■ Problem statement
Look below for the line that has "Elegant, Italian Venetian, Pair"; output exactly from it through the line that has "Cute Pirate Boy Coloring Pages", and leave the pictures out.

■ Data
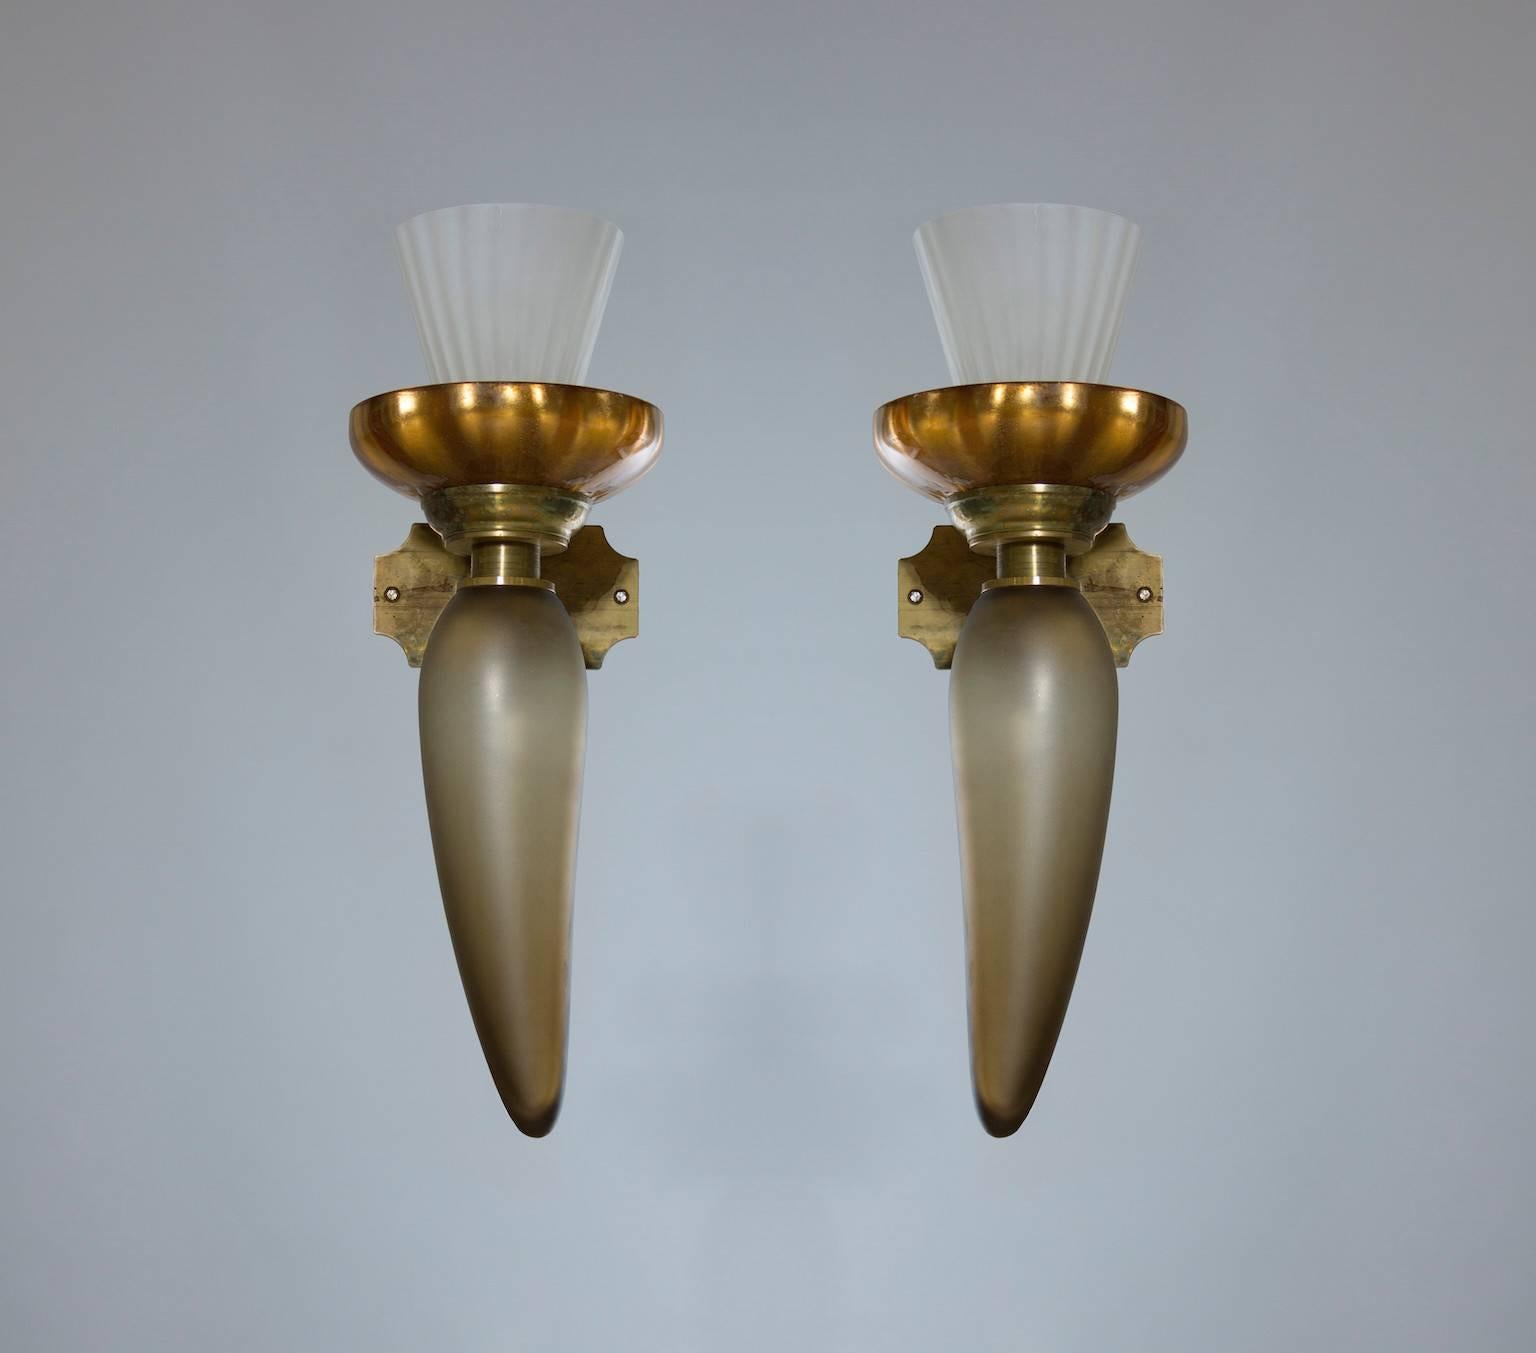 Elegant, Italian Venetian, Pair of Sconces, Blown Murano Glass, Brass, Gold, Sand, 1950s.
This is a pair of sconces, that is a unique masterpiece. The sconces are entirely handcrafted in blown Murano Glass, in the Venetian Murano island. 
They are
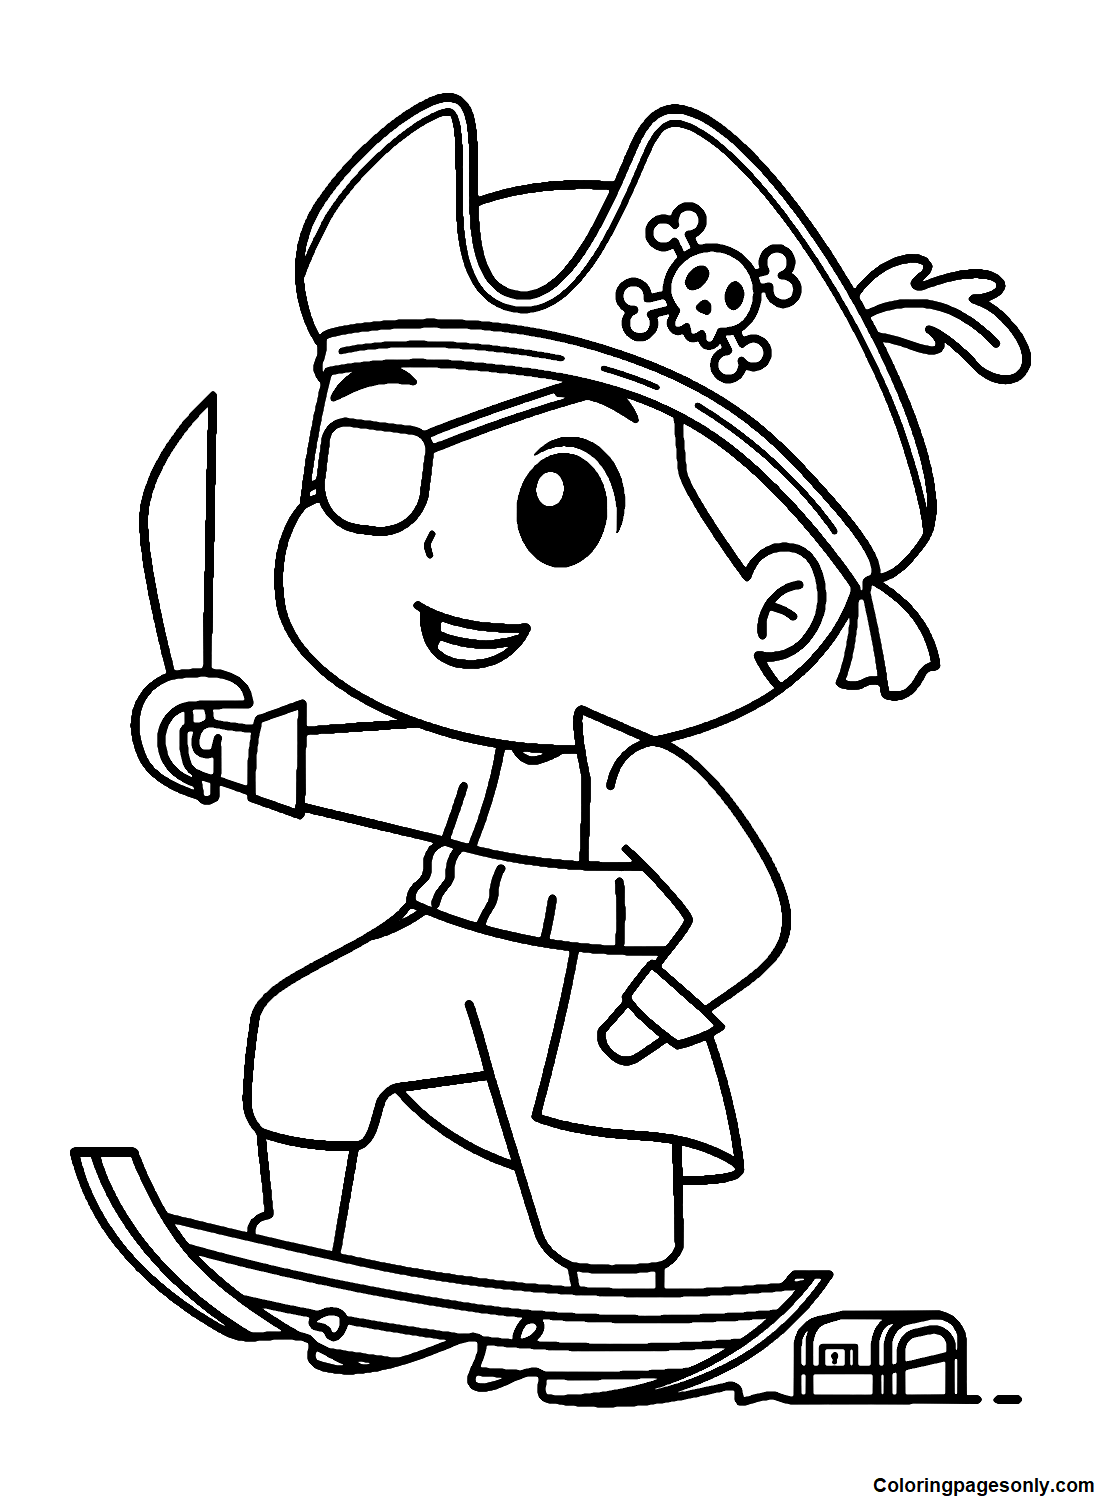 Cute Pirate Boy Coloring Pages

...

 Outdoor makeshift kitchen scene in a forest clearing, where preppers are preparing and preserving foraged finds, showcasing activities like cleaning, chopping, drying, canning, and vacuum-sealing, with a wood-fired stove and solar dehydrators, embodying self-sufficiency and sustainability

■ Result of the task
 Elegant, Italian Venetian, Pair of Sconces, Blown Murano Glass, Brass, Gold, Sand, 1950s.
This is a pair of sconces, that is a unique masterpiece. The sconces are entirely handcrafted in blown Murano Glass, in the Venetian Murano island. 
They are
 Cute Pirate Boy Coloring Pages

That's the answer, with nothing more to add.